Design and Validation of Safety Cruise Control System for Automobiles

In light of the recent humongous growth of the human population worldwide, there has also been a voluminous and uncontrolled growth of vehicles, which has consequently increased the number of road accidents to a large extent. In lieu of a solution to the above mentioned issue, our system is an attempt to mitigate the same using synchronous programming language. The aim is to develop a safety crash warning system that will address the rear end crashes and also take over the controlling of the vehicle when the threat is at a very high level. Adapting according to the environmental conditions is also a prominent feature of the system. Safety System provides warnings to drivers to assist in avoiding rear-end crashes with other vehicles. Initially the system provides a low level alarm and as the severity of the threat increases the level of warnings or alerts also rises. At the highest level of threat, the system enters in a Cruise Control Mode, wherein the system controls the speed of the vehicle by controlling the engine throttle and if permitted, the brake system of the vehicle. We focus on this crash area as it has a very high percentage of the crash-related fatalities. To prove the feasibility, robustness and reliability of the system, we have also proved some of the properties of the system using temporal logic along with a reference implementation in ESTEREL. To bolster the same, we have formally verified various properties of the system along with their proofs.

💡 Research Summary

The paper addresses the growing problem of road accidents caused by the rapid increase in vehicle numbers worldwide. It proposes a “Safety Cruise Control System” that combines a forward‑looking automotive radar sensor with a safety algorithm and a cruise‑control subsystem, all implemented in the synchronous, imperative language ESTEREL. The system continuously monitors three key parameters—distance to the lead vehicle or obstacle, relative speed, and azimuth (although the azimuth is omitted in the presented code). These measurements are compared against predefined thresholds. The thresholds can be set in three ways: (1) manufacturer‑defined defaults, (2) driver‑customized values, and (3) automatically learned values that adapt to environmental conditions such as rain or fog.

When the measured values are within safe limits, the system remains passive. If a potential collision is detected, the safety algorithm raises an alert through the Driver Vehicle Interface (DVI). The alert level is proportional to the severity of the threat: low‑level warnings are visual or auditory cues, while high‑level threats trigger the Cruise Control subsystem to take over vehicle speed control. In this “Cruise Control Mode,” the system modulates engine throttle and, when permissible, applies the brakes to reduce speed and avoid impact. The driver is simultaneously informed of the takeover.
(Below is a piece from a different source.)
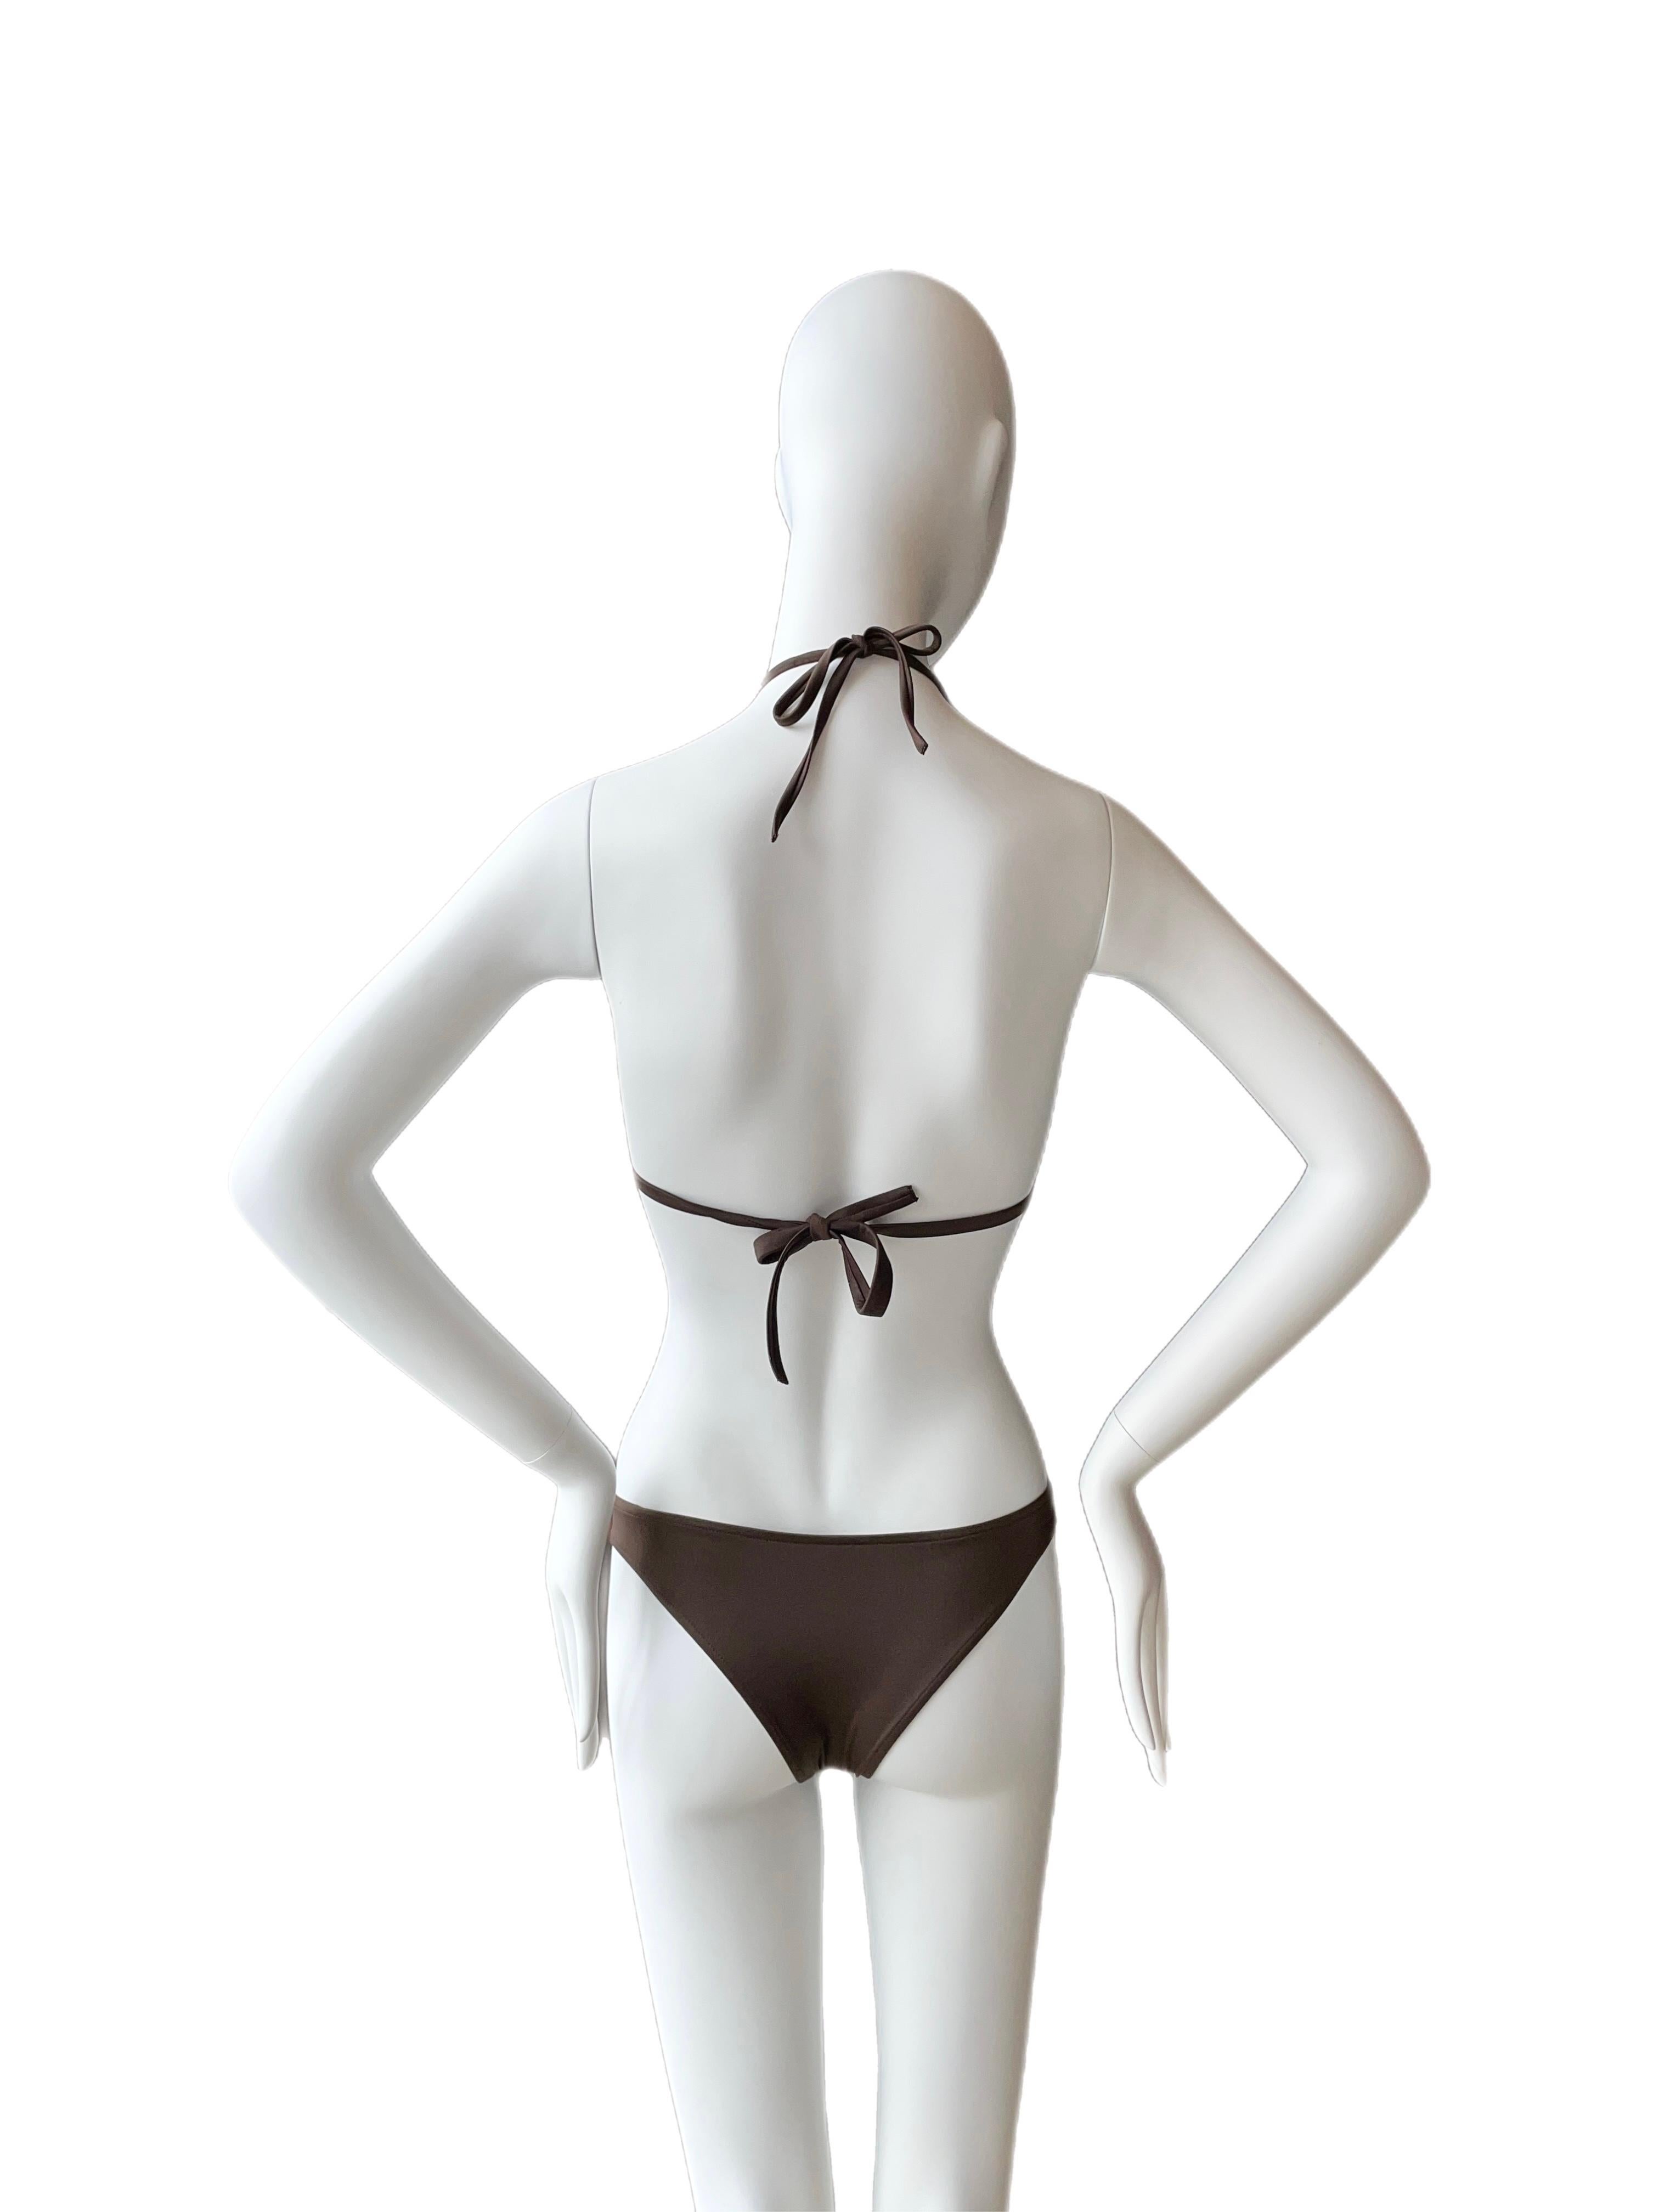 John Galliano for Christian Dior vintage bikini. New with tags. Size F38. Chocolate brown color. Has stretch. Bottoms waist 13.5

The architecture consists of several ESTEREL modules that run in parallel and communicate via broadcasted signals. Key modules include SET_PREDEFINED_VALUES (initializes threshold values), ENVIRONMENT_CHECK (adjusts thresholds based on weather or road conditions), ROAD_DATA (processes sensor data), HOST_VEHICLE (maintains vehicle state), and DRIVER_ALARM (generates driver alerts). The main module, SAFETY_SYSTEM, orchestrates these sub‑modules using the ESTEREL parallel composition operator “||”.

A major contribution of the work is the formal verification of safety properties using temporal logic. The authors specify properties such as “if a risk is detected, an alarm must be raised within one second” and “in a high‑risk situation, the cruise control must initiate deceleration within half a second.” These properties are verified against the finite‑state machines generated by the ESTEREL compiler using a model‑checking tool, providing mathematical assurance of correctness.

The paper also discusses the choice of ESTEREL for this application. ESTEREL’s synchronous semantics guarantee deterministic reaction to inputs, which is essential for real‑time automotive control. Its ability to compile to hardware‑friendly finite‑state machines makes it suitable for embedding in electronic control units (ECUs).

However, the study has several limitations. First, the implementation ignores azimuth data, which could reduce detection accuracy in multi‑lane or intersection scenarios. Second, while the authors propose automatic learning of thresholds, no concrete algorithm or training data is described, leaving the adaptability claim unsubstantiated. Third, the resource requirements (memory footprint, CPU cycles) of the ESTEREL-generated code are not evaluated, raising questions about feasibility on typical automotive ECUs. Finally, the validation is limited to simulation and formal proofs; no real‑vehicle experiments or field tests are presented to demonstrate performance under actual driving conditions.

In conclusion, the paper presents a novel integration of synchronous programming, formal verification, and sensor‑based risk assessment for automotive safety. It demonstrates how a tiered warning and control strategy can be systematically designed and mathematically verified. Future work should extend the sensor suite (e.g., adding cameras or LiDAR), implement concrete adaptive learning mechanisms, conduct extensive on‑road testing, and assess the implementation’s hardware overhead to move the concept from prototype to production‑ready automotive safety technology.